Mães e pais que perderam seus filhos durante a gravidez ou após o parto vão passar a receber suporte psicológico e acompanhamento em futuras gestações por meio da Política Nacional de Humanização do Luto Materno e Parental, sancionada pelo presidente Luiz Inácio Lula da Silva e publicada no Diário Oficial da União (DOU) desta segunda-feira, 26. A lei prevê que o acolhimento será ofertado pelo Sistema Único de Saúde (SUS), que também deverá prover exames para investigar as causas do óbito fetal ou neonatal e espaços reservados para dar suporte à família.
O tema da perda gestacional e do luto parental tem sensibilizado o Brasil em função de casos recentes vivenciados por pessoas públicas, como a cantora Lexa, a atriz Micheli Machado e a apresentadora Tati Machado, desencadeando debates sobre a urgência de políticas para oferecer suporte emocional quando a espera por um bebê se transforma em um momento de dor.
A lei tem como base o PL 1.640/2022, que tem entre os autores o atual ministro da Saúde, Alexandre Padilha. “Em 2019, construímos um projeto de lei que foi fruto do diálogo com várias mulheres. Estou muito emocionado porque essa política define o que as maternidades precisam ter para cuidar daquelas mães e pais que perdem os filhos antes ou após o parto”, disse, em nota.
Segundo o Ministério da Saúde, até então, apenas três unidades da rede pública ofereciam suporte aos pais que perderam os filhos: o Hospital Materno Infantil de Brasília (HMIB), o Hospital Materno de Ribeirão Preto, em São Paulo, e a Maternidade de Alta Complexidade do Maranhão.
“O momento da despedida é muito importante no processo de luto. Às vezes, a mãe não consegue ver o bebê logo após o parto, mas, passado o choque inicial, ela quer ter esse momento. E nem sempre temos um espaço adequado para isso”, explica a médica psiquiatra Maria Marta Freire, responsável pelo ambulatório de luto parental do HMIB, que funciona desde 2013 e realiza, em média, 50 atendimentos por mês.
Registro de natimortos
O texto faz ainda alteração na Lei de Registros Públicos e passa a permitir o registro oficial de natimortos com o nome escolhido durante a gestação. Antes, a certidão continha apenas sexo, data e local de nascimento e filiação.
De acordo com o ministério, o Brasil registrou 172.257 óbitos fetais entre 2020 e 2023. O balanço preliminar de 2024, com base no Sistema de Informações sobre Mortalidade (SIM), aponta 22.919 óbitos fetais e 19.997 óbitos neonatais – com 28 dias ou menos de vida –.
O que muda com a lei do luto materno e parental?

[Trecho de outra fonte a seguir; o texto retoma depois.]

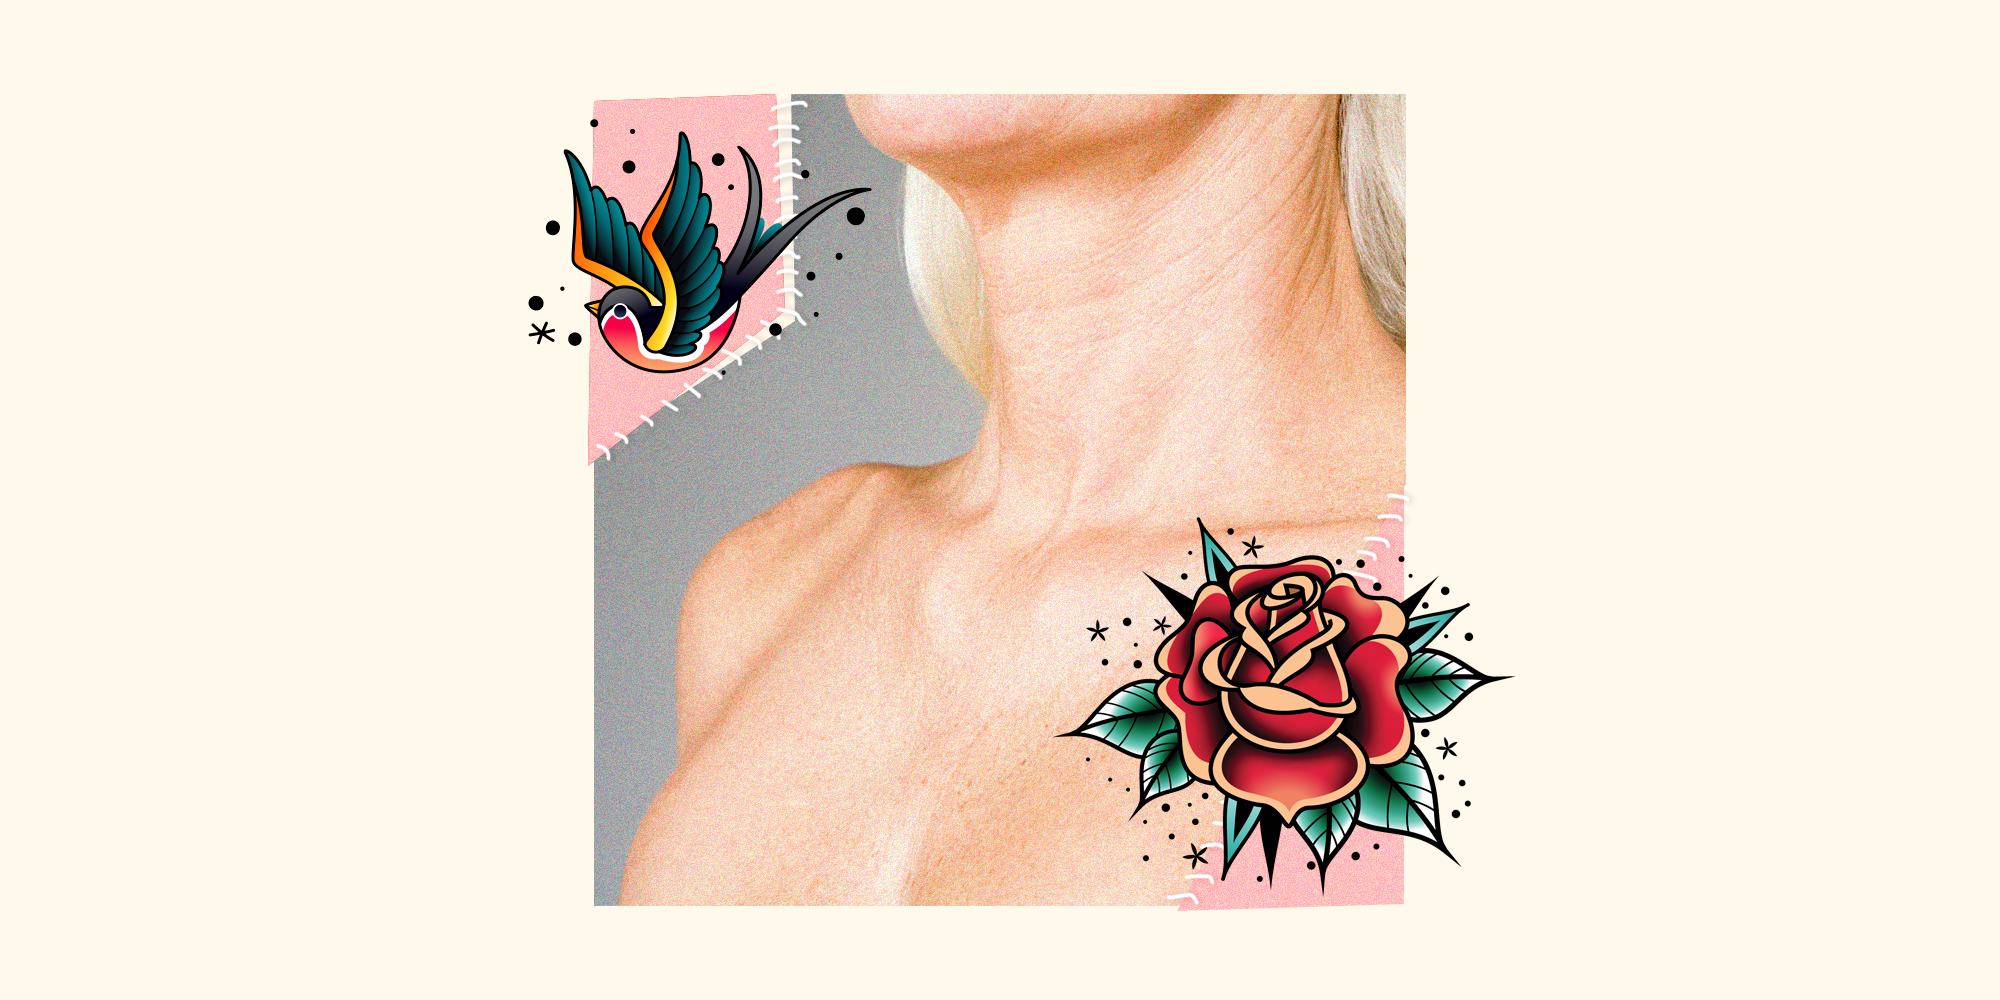 Mastectomy Scar Cover-Up by Adam Sky, Morningstar Tattoo, Belmont,  California : r/tattoos

O objetivo da nova lei é oferecer assistência especializada para pais enlutados. Assim, ela prevê:
- Oferta de apoio psicológico especializado
- Exames para investigar a causa do óbito
- Acompanhamento de gestações futuras
- Espaços reservados às pessoas em luto
- Criação de protocolos clínicos e treinamento de equipes para acolhimento adequado
“Nós sabemos que o luto materno e parental é uma dor silenciosa, mas que grita no coração das famílias. O Ministério da Saúde está do lado dessas pessoas para acolher, respeitar e humanizar essa perda”, disse Padilha.

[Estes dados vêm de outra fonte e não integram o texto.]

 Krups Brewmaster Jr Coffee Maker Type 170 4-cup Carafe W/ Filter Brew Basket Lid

O que não dizer após uma família perder um bebê?
Muitas pessoas não compreendem que a perda gestacional tem o mesmo peso da morte de um filho em qualquer idade. O vínculo entre os pais e os bebês é criado ainda durante a gravidez com o hábito de conversar com o feto ou cantar para ele, além de fazer carinho na barriga e realizar os preparativos para o quartinho da criança e o nascimento.
“O luto perinatal é uma experiência única e profundamente pessoal. Para algumas pessoas, o processo pode durar semanas, para outras, meses ou até mais tempo. Não há um prazo certo ou errado para lidar com essa perda, já que cada um tem seu próprio ritmo para processar a dor e as mudanças que ela traz”, diz psicóloga perinatal Rafaela Schiavo, fundadora do Instituto MaterOnline.
É fundamental ter empatia e não magoar as famílias com frases que minimizam a perda. “Frases como ‘foi melhor assim’ ou ‘Deus quis dessa forma’ podem parecer inofensivas, mas invalidam os sentimentos de quem está enfrentando a perda. É importante oferecer escuta atenta, sem julgamentos, e respeitar o momento de luto.” Também não é indicado lembrar que a pessoa pode ter outros filhos, pois nenhuma criança substitui outra que morreu.
Essa é uma dor que nunca será esquecida, mas, com acolhimento das pessoas próximas e políticas públicas de acolhimento, é possível mitigar o sofrimento e ressignificá-lo.